Schoenberg's serial technique of composition with 12 notes became one of the most central and polemical issues among American and European musicians during the mid- to late-20th century. Beginning in the late 1940's and continuing to the present day, composers such as Pierre Boulez, Karlheinz Stockhausen, Luigi Nono and Milton Babbitt have extended Schoenberg's legacy in increasingly radical directions. The major cities in the United States (such as Los Angeles, New York, and Boston) have been hosts for historically significant performances of Schoenberg's music, with advocates such as Babbitt and Schoenberg's own pupils, who have taught at major American schools (e.g. Leonard Stein at USC, UCLA and CalArts; Richard Hoffmann at Oberlin; Patricia Carpenter at Columbia; and Leon Kirchner and Earl Kim at Harvard). In Europe, the work of René Leibowitz has had a measurable influence in spreading Schoenberg's musical legacy outside of Germany and Austria.

***

Dreimal Tausend Jahre (Three Times a Thousand Years), Op. 50a (1949)

Psalm 130 “De Profundis”, Op. 50b (1950)

Modern Psalm, Op. 50c (1950, unfinished)

***

Superstition may have triggered Schoenberg's death. In 1950, on his 76 (7+6=13) birthday, an astrologer wrote Schoenberg a note warning him that the year was a critical one. This stunned and depressed the composer, for up to that point he had only been wary of multiples of 13 and never considered adding the digits of his age.
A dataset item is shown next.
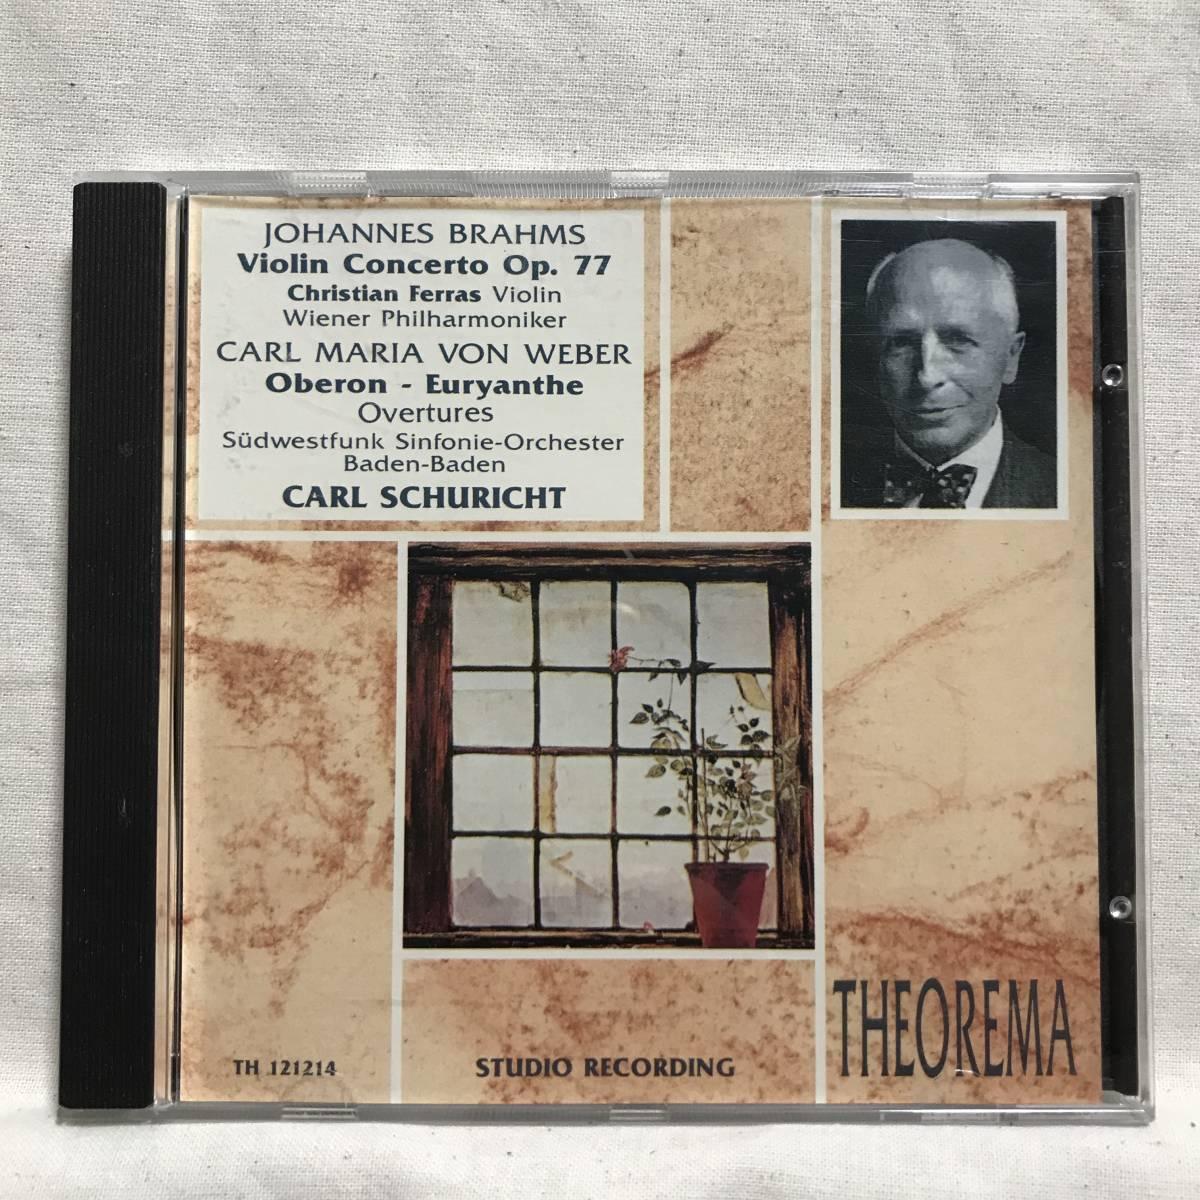 フェラス (Vn) / ブラームス:ヴァイオリン協奏曲 / シューリヒト &ウィーン・フィル●CEDAR (DECCA音源) ドイツ盤   _画像1

On Friday, 13 July 1951, Schoenberg stayed in bed -- sick, anxious and depressed. In a letter to Schoenberg's sister Ottilie, dated 4 August 1951, his wife, Gertrud, reported "About a quarter to 12 I looked at the clock and said to myself: another quarter of an hour and then the worst is over. Then the doctor called me. Arnold's throat rattled twice, his heart gave a powerful beat and that was the end." Gertrud reported the next day in a telegram to her sister-in-law Ottilie that Arnold died at 11:45pm, although rumor has it that it was actually 13 minutes before midnight....


[Schoenberg's grave in the Zentralfriedhof, Vienna]

Arnold Schoenberg's daughter, Nuria Dorothea, married Luigi Nono in 1955.

Many Schoenberg practices, including the formalization of compositional method, and his habit of openly inviting audiences to think analytically, are echoed in avant-garde musical thought throughout the 20th and into the 21 Century. Schoenberg's often polemical views of music history and aesthetics were crucial to many later musicologists and critics, including Theodor Adorno, Charles Rosen, and Carl Dahlhaus.

The Schoenberg archival legacy is collected at the Arnold Schönberg Center in Vienna.